Gowin, que também é titular de Cultura, disse à “rádio Koszalin” que após as manifestações das mulheres “não será aprovado um projeto de lei que proíba o aborto nos casos em que a mulher seja vítima de estupro ou quando sua vida ou sua saúde correrem perigo”.
A mobilização das mulheres polonesas “nos fez pensar e foi uma lição de humildade, (…) avaliamos a importância destes protestos e a boa intenção de grande parte dos que protestaram”, explicou o vice-primeiro-ministro Gowin.

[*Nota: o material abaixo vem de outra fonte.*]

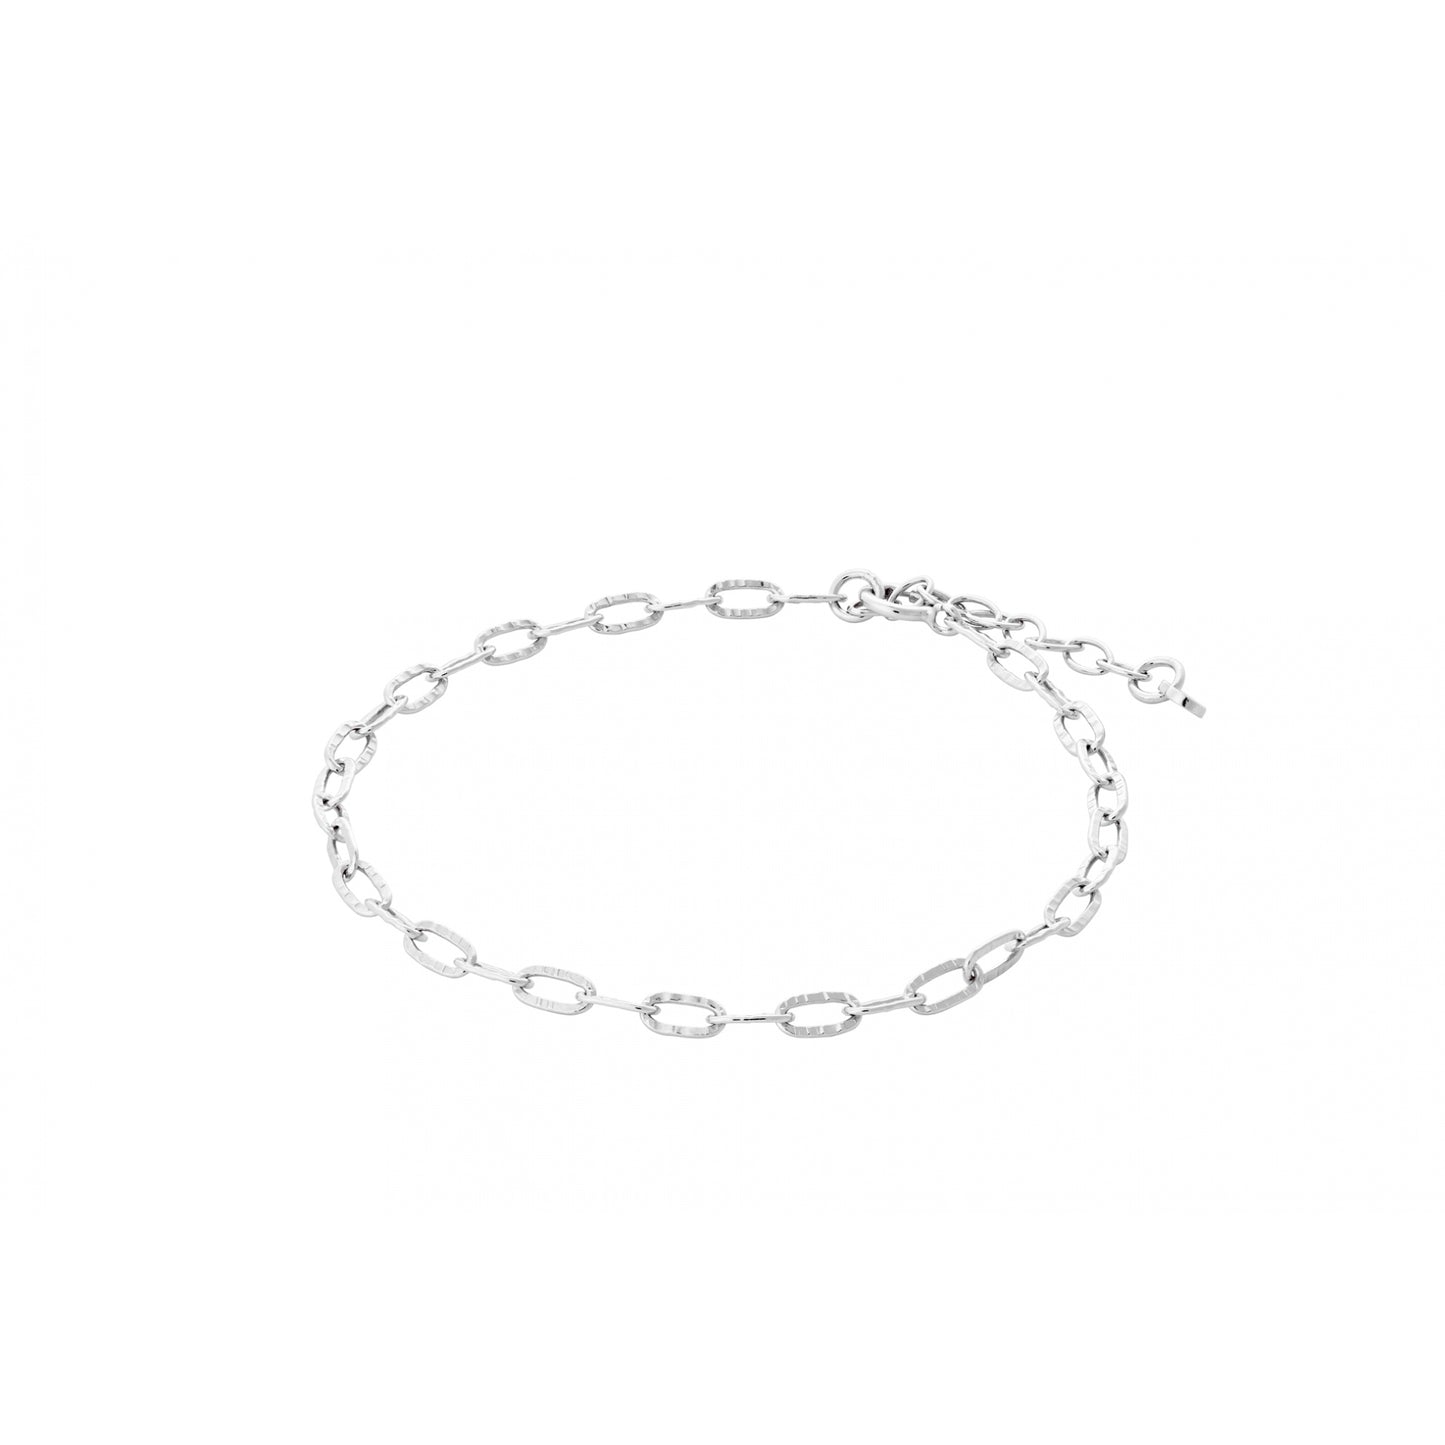 Alba bracelet silver

Na última segunda-feira milhares de mulheres saíram às ruas nas principais cidades polonesas para protestar contra a possível proibição total do aborto. Coletivos feministas e pró direitos humanos tinham convocado as polonesas a uma greve geral para expressar rejeição à modificação da atual lei.
Também nesta quarta, o presidente do Senado, Stanislaw Karczewski, garantiu que “serão levados em conta os protestos de segunda-feira passada”, e informou que a comissão de trabalho sobre o projeto de lei não iniciará sua atividade por enquanto.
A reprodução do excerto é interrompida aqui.